The focus is on your ability to recognize when sorting is the optimal approach, justify its O(n log n) complexity trade-off, and implement it cleanly within a broader solution.

How to Prepare — study tips with one code example

Master the standard sorting libraries and how to customize them. In interviews, you should use the language's built-in sort (e.g., sorted() in Python, .sort() in JavaScript, Arrays.sort() in Java) unless explicitly asked to implement the algorithm itself. Your study should focus on:

  • Complexity Analysis: Know the time (O(n log n) average) and space complexity of your language's default sort.
  • Custom Comparators: Practice writing comparator functions or lambda expressions to sort objects by multiple attributes or in a non-default order.
  • Two-Pointer Technique: This is frequently used on sorted arrays. Drill problems that use sorting to then apply a two-pointer or sliding window solution.

A key pattern is modifying data before sorting to solve a problem efficiently. Consider the "Largest Number" problem: given a list of non-negative integers, arrange them to form the largest possible number.

The trick is to sort the numbers as strings based on custom comparison: for two numbers x and y, we compare the concatenations x+y and y+x. If y+x is lexicographically greater than x+y, then y should come before x.

def largestNumber(nums):
    # Convert numbers to strings for custom comparison
    nums = list(map(str, nums))

    # Custom comparator: sort based on concatenated result
    def compare(x, y):
        if x + y > y + x:
            return -1  # x should come before y
        else:
            return 1   # y should come before x

    # Sort using the custom comparator
    nums.sort(key=functools.cmp_to_key(compare))

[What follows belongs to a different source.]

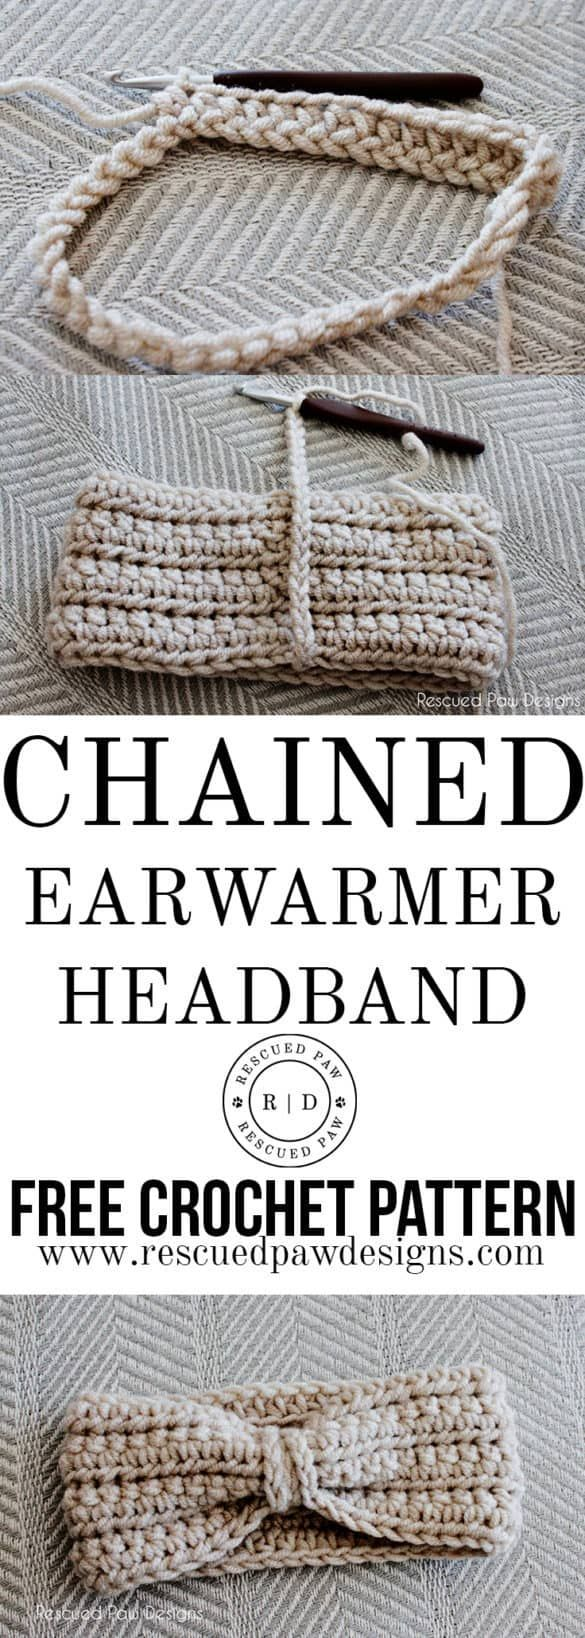 Crochet Chained Ear Warmer Pattern by Rescued Paw Designs | Diademas ...
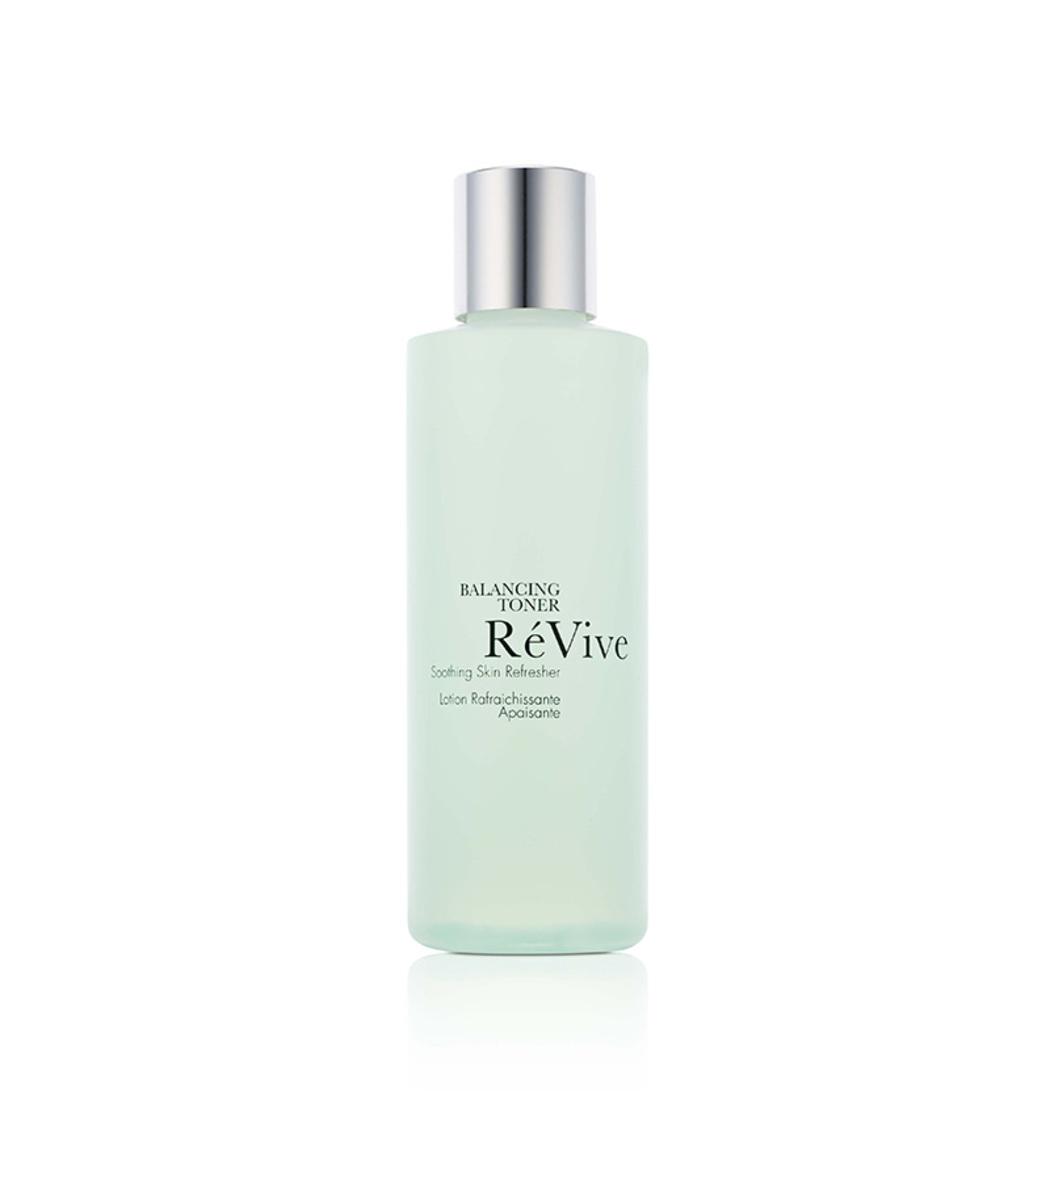 REVIVE Balancing Toner Soothing Skin Refresher

    # Handle edge case where largest number is "0"
    largest = ''.join(nums)
    return '0' if largest[0] == '0' else largest
  1. Foundation: Solidify your understanding of built-in sort functions and how to write custom comparators in your chosen language.
  2. Basic Patterns: Solve problems where sorting is the direct answer (e.g., Kth Largest Element, Merge Intervals).
  3. Enabler Patterns: Practice problems where sorting is a pre-processing step (e.g., Two Sum II, 3Sum, Minimum Difference).
  4. Wix-Specific: Finally, tackle the actual sorting problems tagged from Wix's interview question bank to familiarize yourself with their style and difficulty.